So here is my best answer today, but if you ask again in six months, it is likely to change again. This is a fast moving field and the only consistency is change. Reasonable, affordable e-discovery requires three steps (1) establish and operate an interdisciplinary tech/law e-discovery team, a step which many in-house counsel have already begun, (2) strategic cooperation with opposing counsel in technical areas of discovery to avoid unnecessary disputes, instead focusing adversarial arguments on case merits and 26(b)(2)(C) evaluation, and (3) case metrics.
The last point is critical and has been largely ignored by most law firms and vendors in representing their corporate clients. As a client, you have a right to know in advance what an e-discovery production will cost and how long it will take, or at least a range. You also have a right under all state and federal rules to limit the discovery costs proportionally to the value of the case.

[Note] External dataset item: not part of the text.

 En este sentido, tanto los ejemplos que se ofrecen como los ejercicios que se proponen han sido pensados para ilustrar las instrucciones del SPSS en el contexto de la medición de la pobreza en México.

For too long, in-house counsel have been asked to get on board an e-discovery train without knowing the price of the ticket or how long the trip will take. That must stop in order to get e-discovery under control.
Most attorneys today agree to search terms for the production of their client’s information without first knowing what the likely cost will be to review and produce this information. Further, keywords are agreed to and used without first testing them on smaller data samples to evaluate their efficacy. What percentage of the documents they produce will actually be relevant? Since even small clients now have incredibly large amounts of data in their computer systems, the net result of this haphazard approach is that far too much data is collected and far too much time and fees are wasted on review of irrelevant information.

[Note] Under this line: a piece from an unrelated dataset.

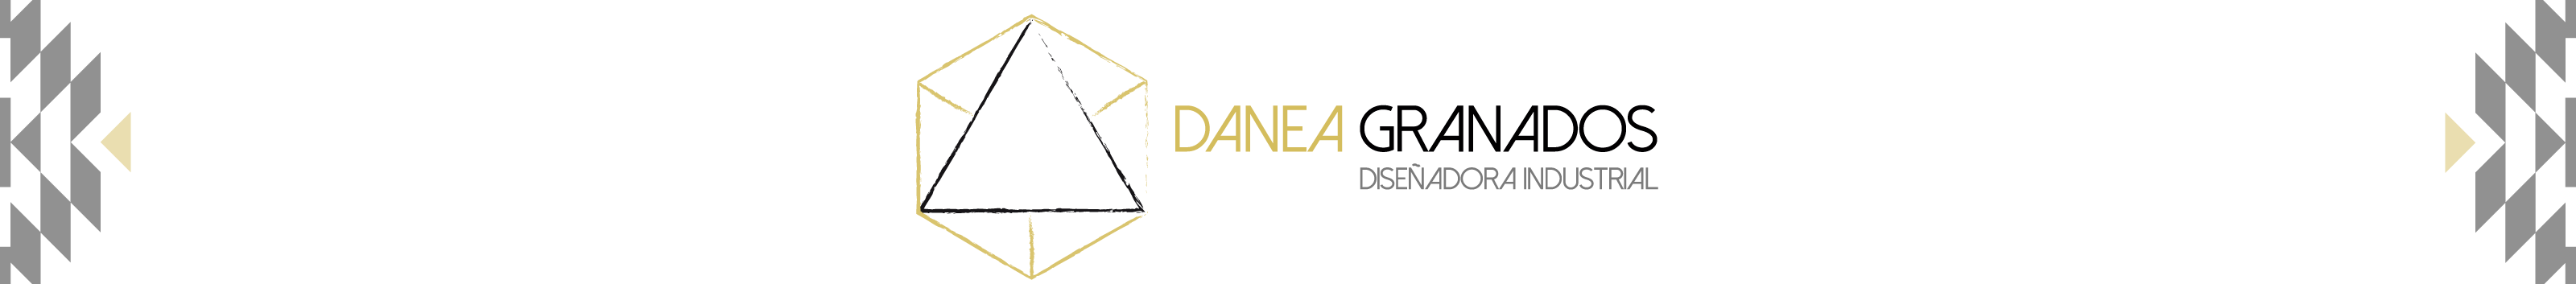 Circe Danea Granados Briones's profile banner

This over review and production is the cause of run away e-discovery costs, not the new rules or bad judges. This can be stopped by metrics and more scientifically based cost estimation. You should have a good idea of what an e-discovery project will cost, and how long it will take – and have your attorneys be ready to prove that in court, if need be – BEFORE you agree to it. If opposing counsel insists on keywords that your analysis shows will produce too many documents and too much irrelevant data, then take it to court immediately and argue that excessive burden. Exact predictions are not required, only good faith estimates based on expert analysis, preferably your own, and reasonable assumptions.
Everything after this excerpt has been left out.